Я писал. Каждый день, каждый вечер, каждую ночь. Пергамент кончался, и я писал на обороте старых свитков, на полях трактата об ангелах, на чистых местах между строками блаженного Августина. Чернила кончались, и Виолетта делала новые: сажа, железные опилки, вино, желчь[1]. Густые, чёрные, с запахом железа и кислоты. Они въедались в пергамент, как чума в тело, и не стирались, не выцветали, не сдавались. Как слова, которые они несли.

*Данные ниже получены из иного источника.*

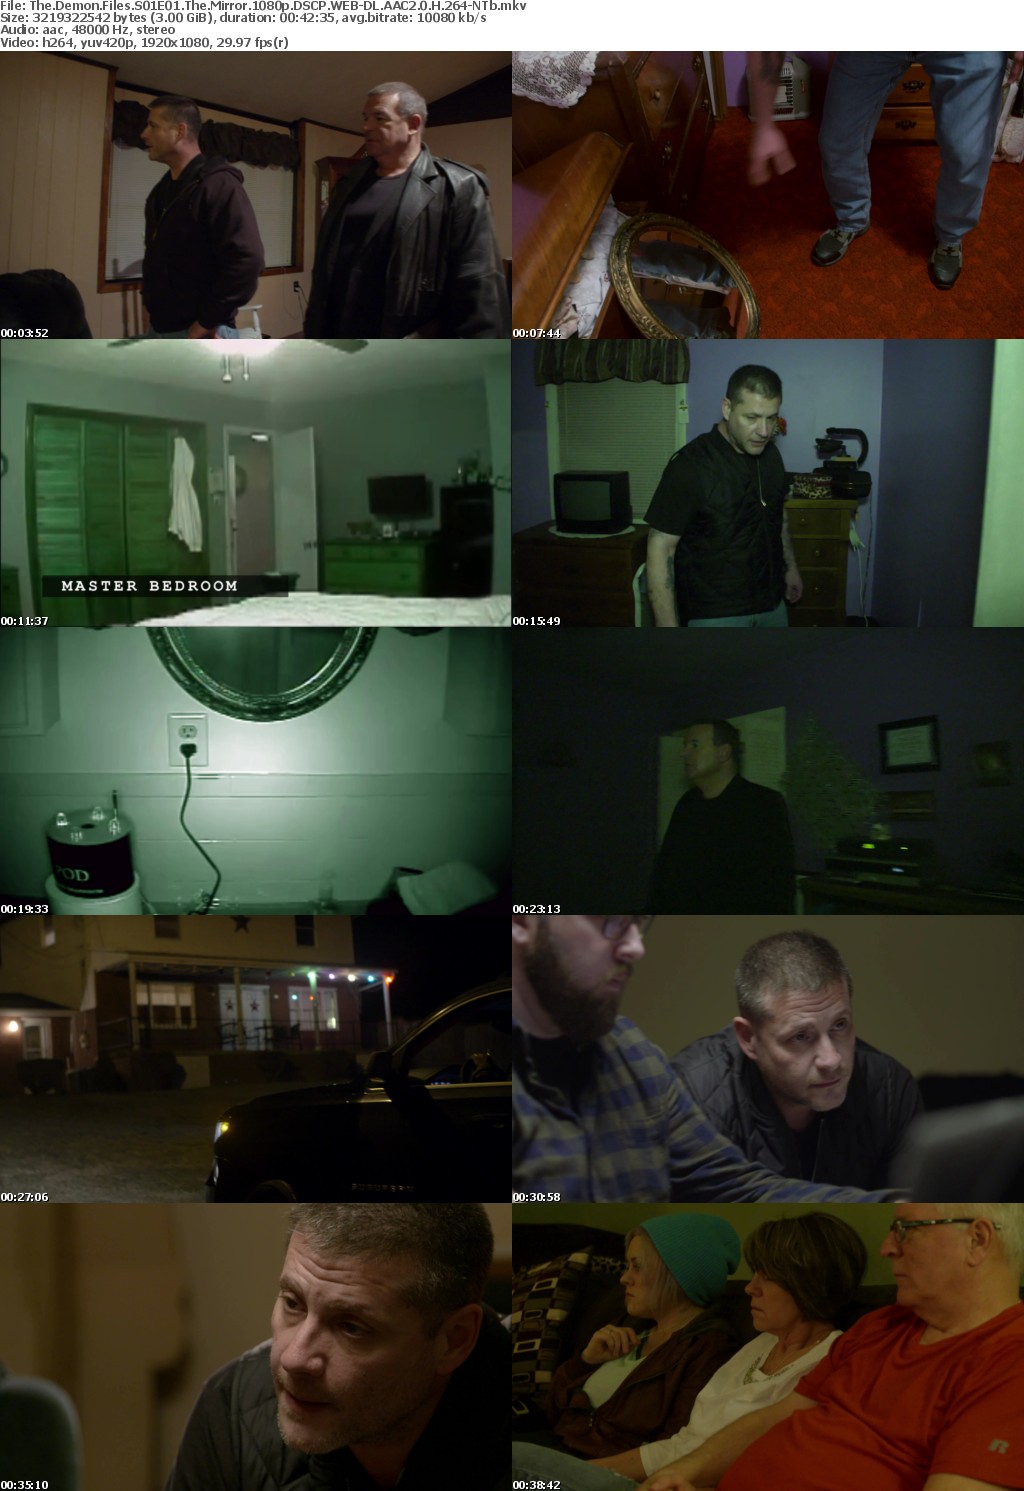 The Demon Files S01E01 The Mirror 1080p DSCP WEB-DL AAC2 0 H 264-NTb

На пятый день в деревне я закончил пергамент. Последний лист. Чистый, девственный, желтоватый, как кожа младенца. Я держал его в руках и смотрел, и руки дрожали, и я думал: вот он, предел. Последняя страница. После неё — тишина. Забвение. Как Лючия, как Джованни, как Томазо, как все, кто умер без записей, без слов, без следа. Я держал последний лист и боялся писать, потому что боялся закончить.

Клара нашла меня в углу третьего дома, с пергаментом на коленях, с пустым взглядом.

— Что? — спросила она.

— Последний.

Она посмотрела на лист. Потом на меня. Потом снова на лист. Молча взяла. Положила на стол. Села рядом.

— Найдём, — сказала она. — В городе. В монастырях. В церквах. Пергамент есть везде, где были монахи. Монахи мертвы. Пергамент остался.

— А если не найдём?

— Тогда будешь писать на стенах. На камнях. На досках. На чём угодно. — Она взяла мою руку. Сжала. — Ты же обещал.

Я обещал. И я буду писать. На чём угодно.

На седьмой день пришли чужаки.

Я услышал их на рассвете. Звук, который стал знакомым за последние недели: шаги, тяжёлые, множественные, хруст гравия на дороге. Не один, не двое. Больше. Я поднялся, вышел во двор. Забор, кривой, дырявый, стоял, как обещание, которое никто не собирался выполнять. За забором, на дороге, двигались тени. Пять. Шесть. Семь. Может, больше.

— Гвидо, — позвал я. Тихо, но он услышал. Он всегда слышал, даже во сне, как солдат, который спит одним ухом.

Он вышел. Топор в руке. Лицо спокойное, серое, как всегда. Никколо за ним, с палкой, заострённой на конце, как копьё. Виолетта в дверях, с топором найденным в доме. Клара и Изабелла за спинами, с ножами.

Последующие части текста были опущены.